╭─ Provided information
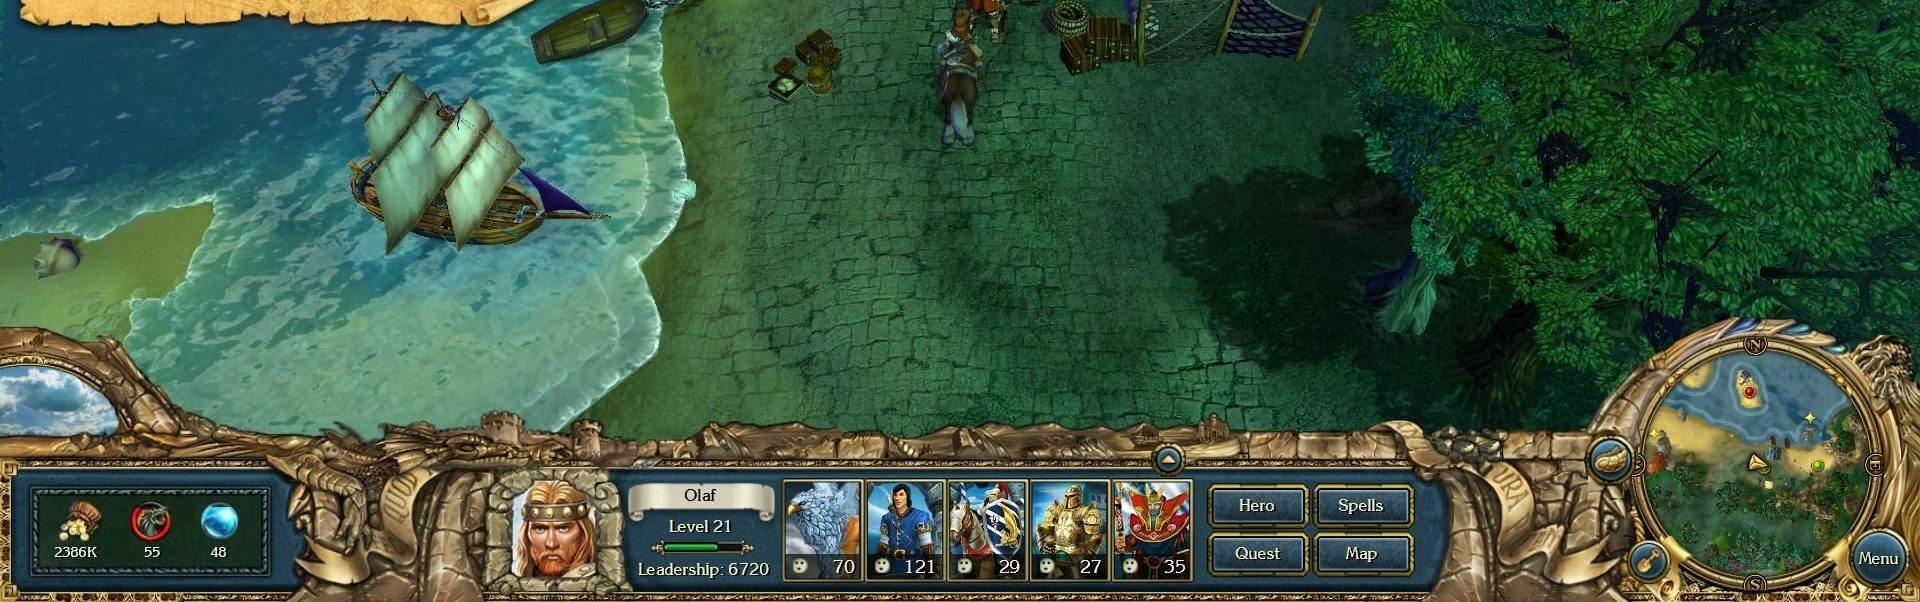 King's Bounty (Platinum Edition) Steam Key GLOBAL
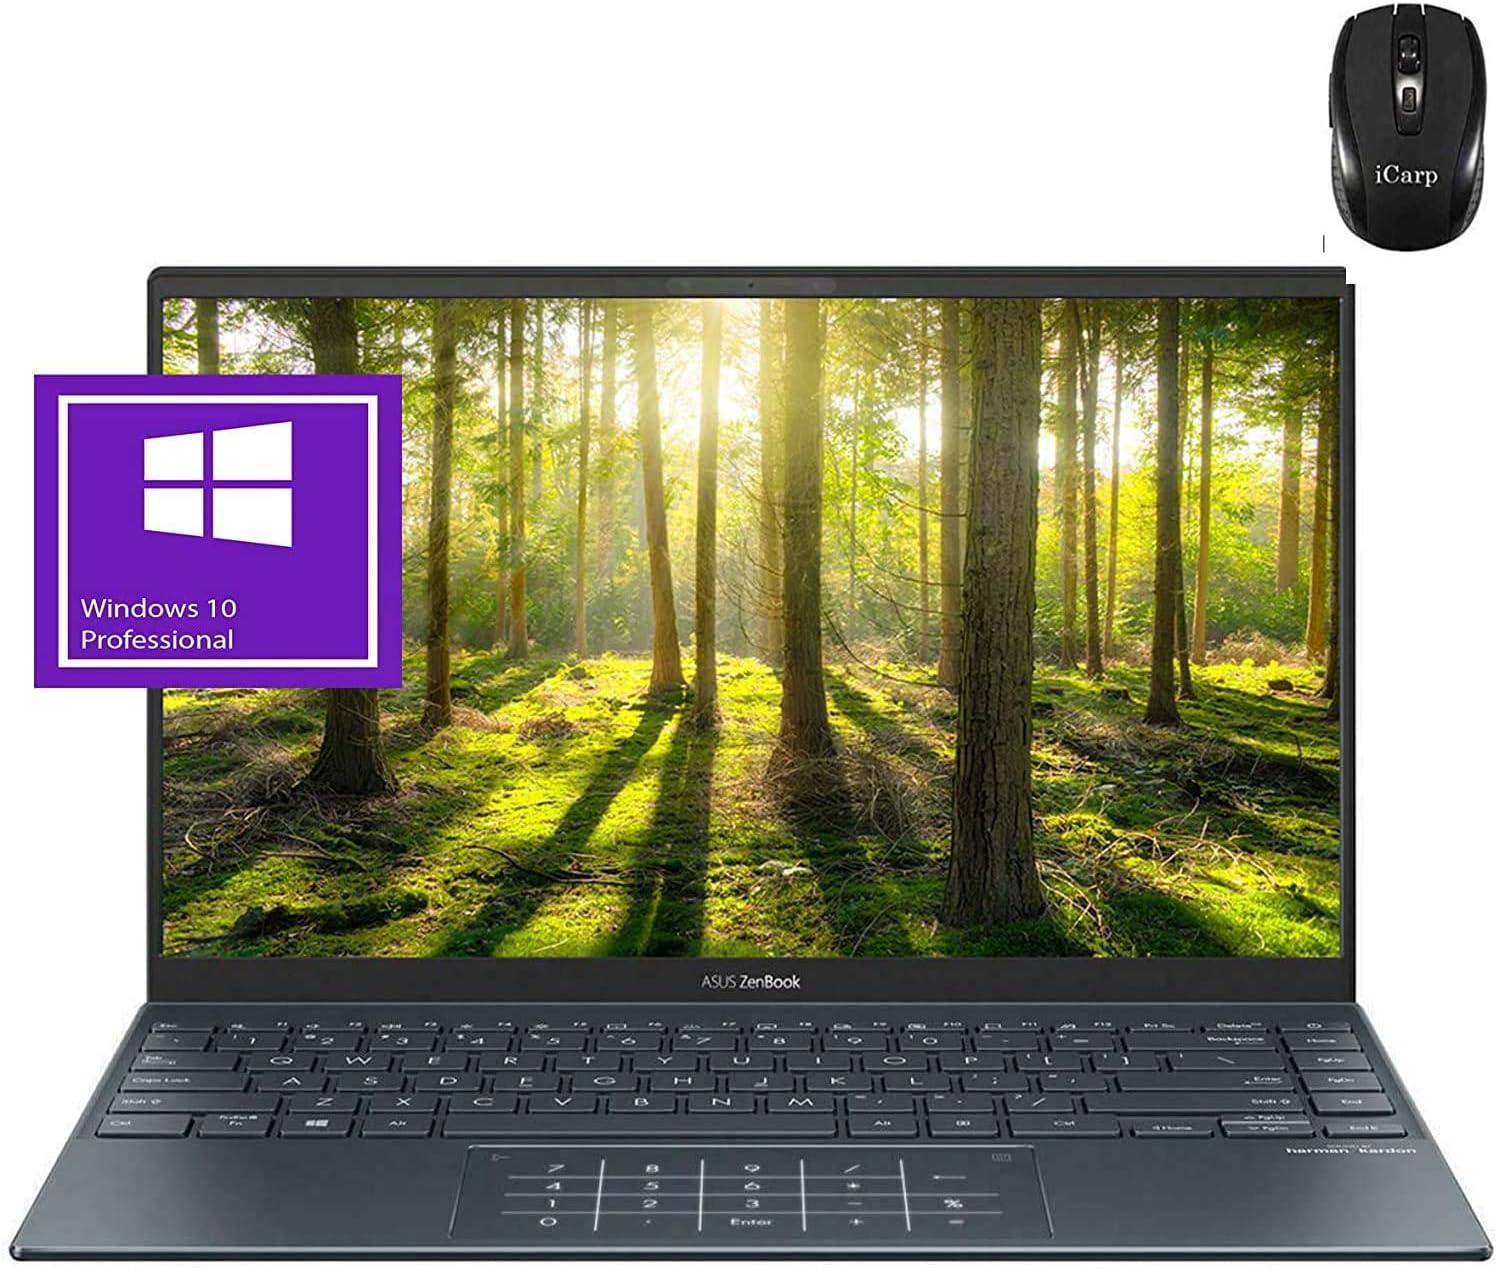 "2020 Flagship Asus Zenbook 14 Laptop 14"" FHD IPS Anti-Glare 100% sRGB AMD Octa-Core Ryzen 7 4700U (Beats i7-10710U) 16GB RAM 1TB PCIe SSD Backlit HDMI USB-C Wifi6 Win10 Pro + iCarp Wireless Mouse"
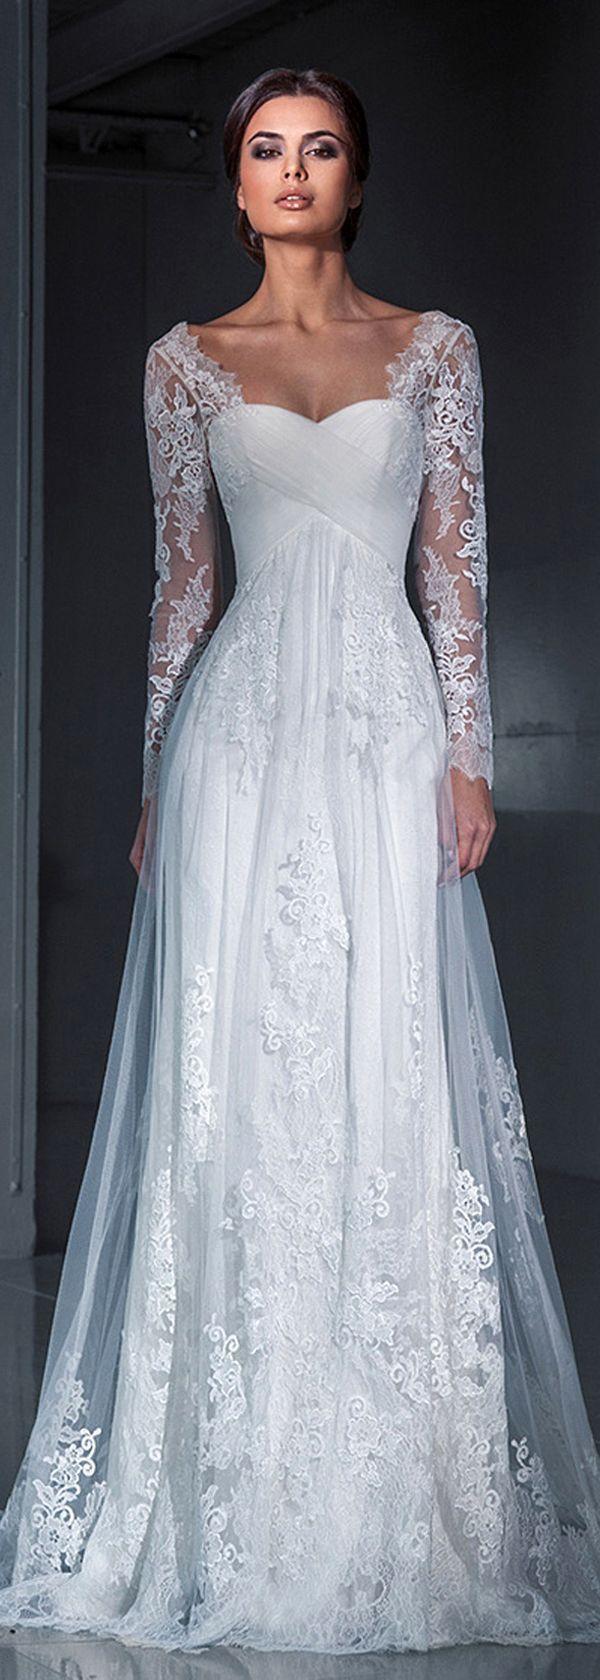 978 mejores imágenes de wedding dresses en Pinterest | Vestidos de ...
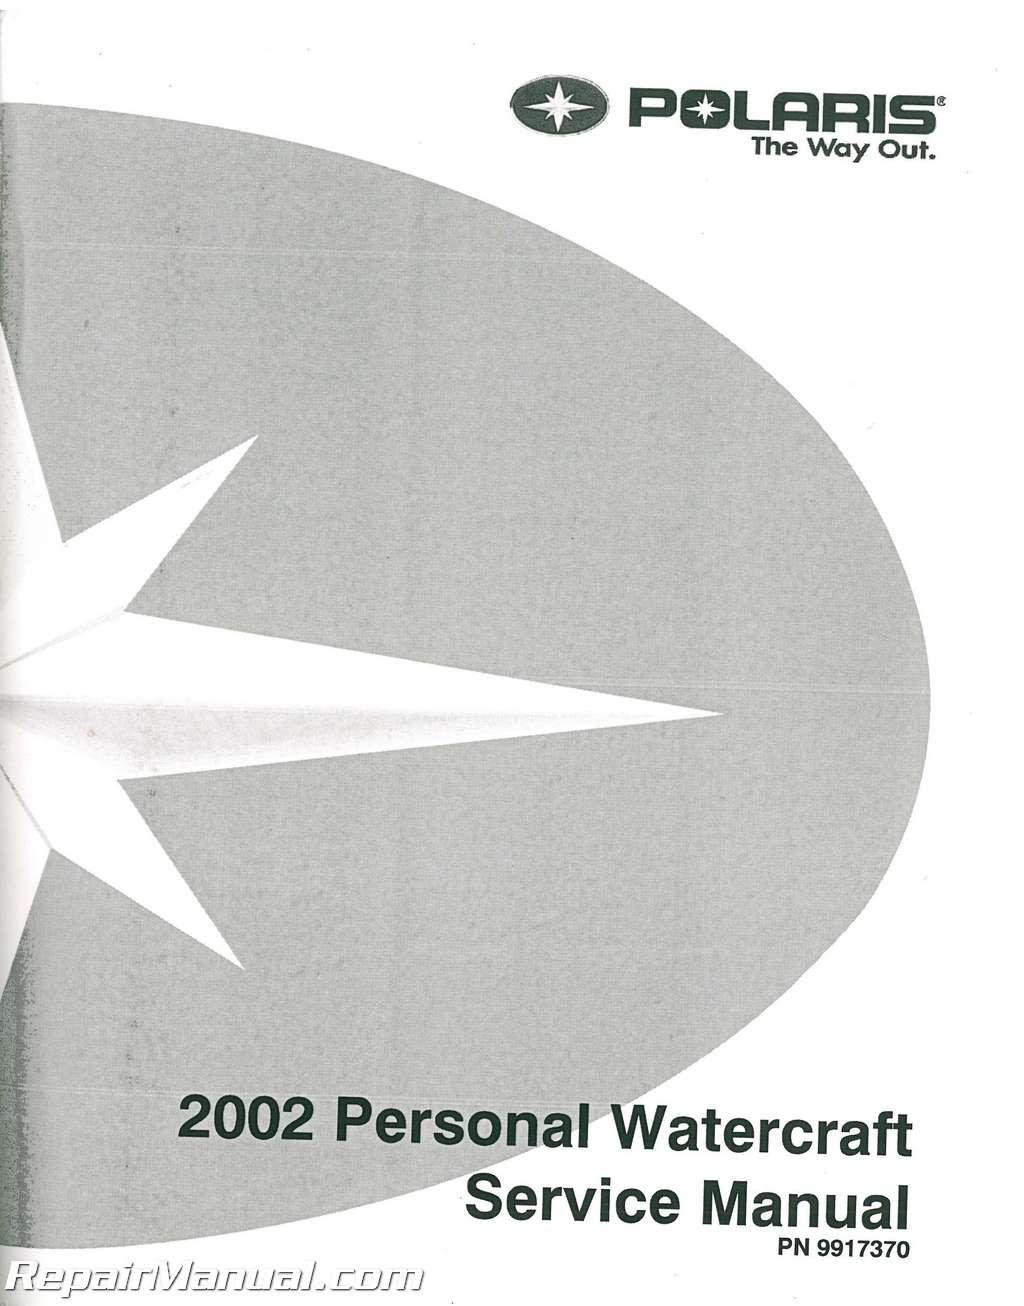 2002 Polaris Personal Watercraft Service Manual border=
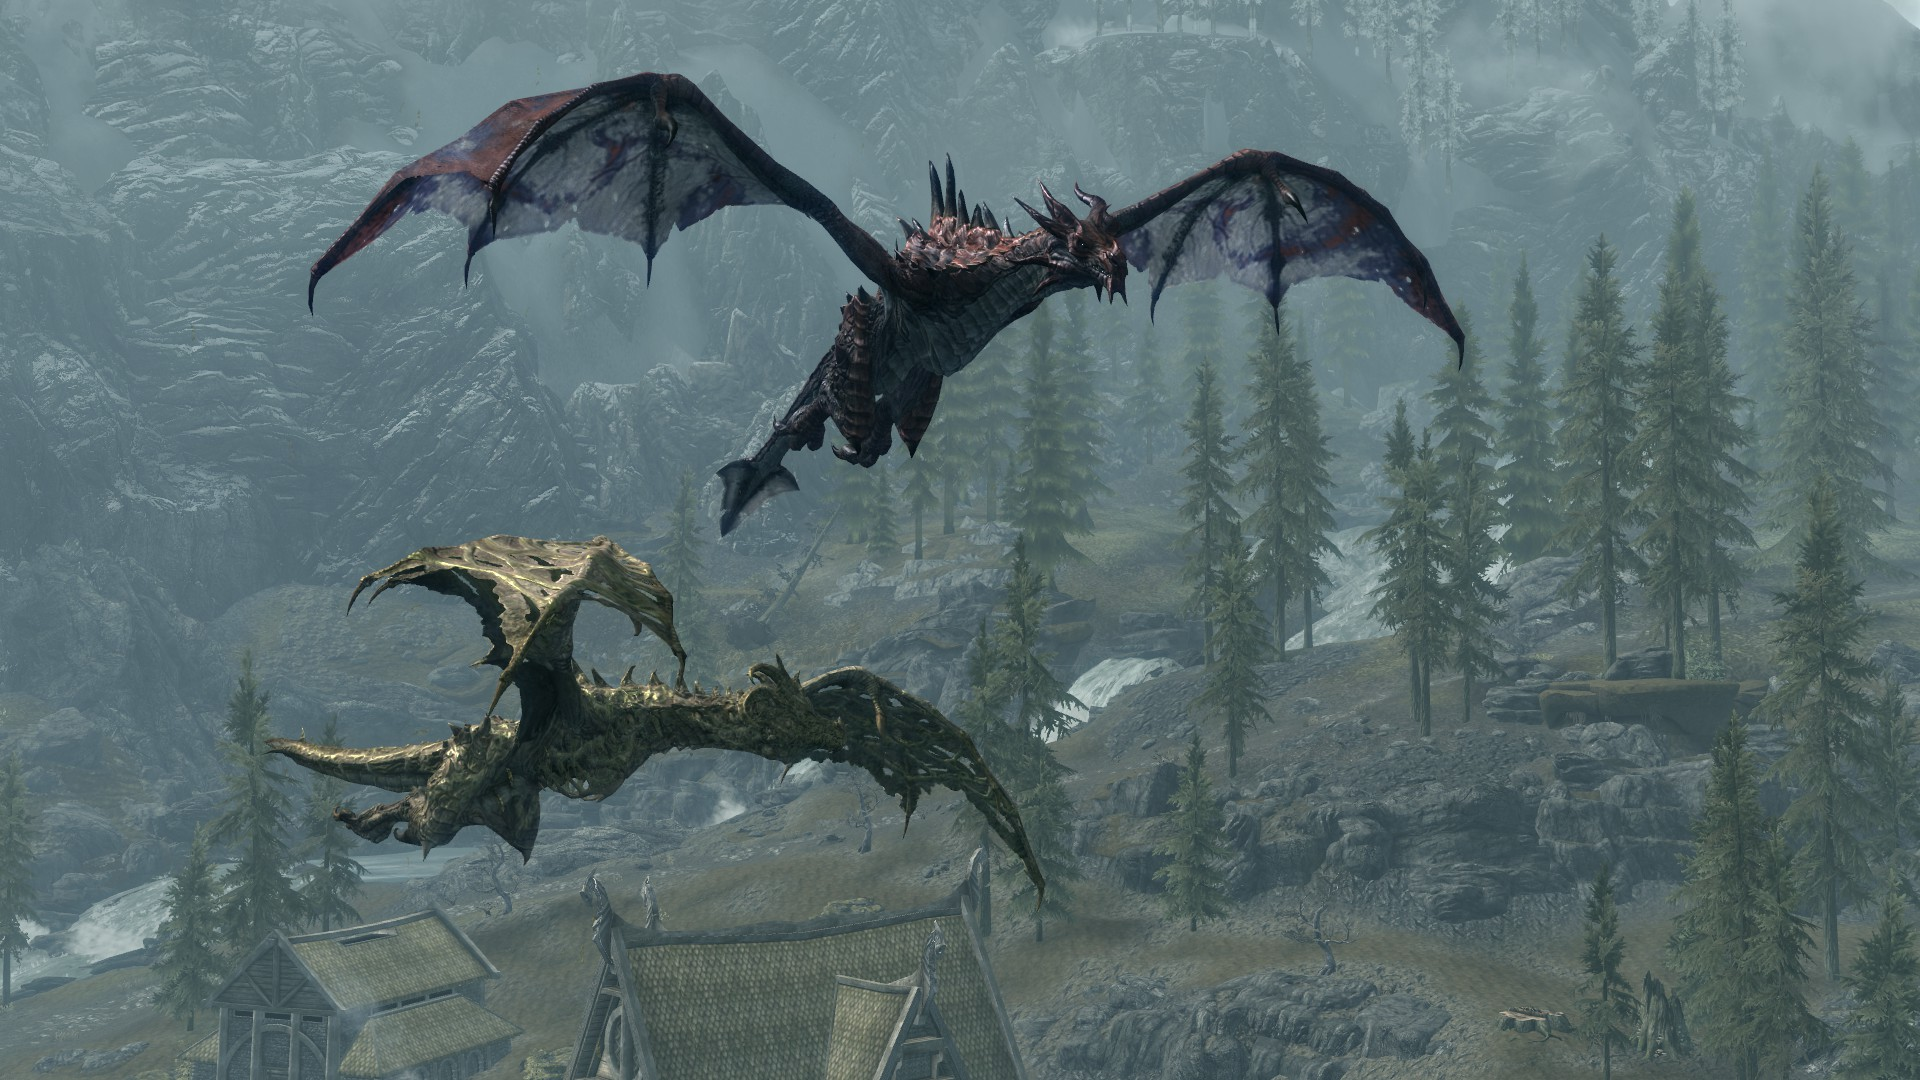 дракон скайрима картинки взаимодействия
╰─
From the first line to the last, copy the records above exactly and leave out the pictures.

Task answer =>
 King's Bounty (Platinum Edition) Steam Key GLOBAL
 "2020 Flagship Asus Zenbook 14 Laptop 14"" FHD IPS Anti-Glare 100% sRGB AMD Octa-Core Ryzen 7 4700U (Beats i7-10710U) 16GB RAM 1TB PCIe SSD Backlit HDMI USB-C Wifi6 Win10 Pro + iCarp Wireless Mouse"
 978 mejores imágenes de wedding dresses en Pinterest | Vestidos de ...
 2002 Polaris Personal Watercraft Service Manual border=
 дракон скайрима картинки взаимодействия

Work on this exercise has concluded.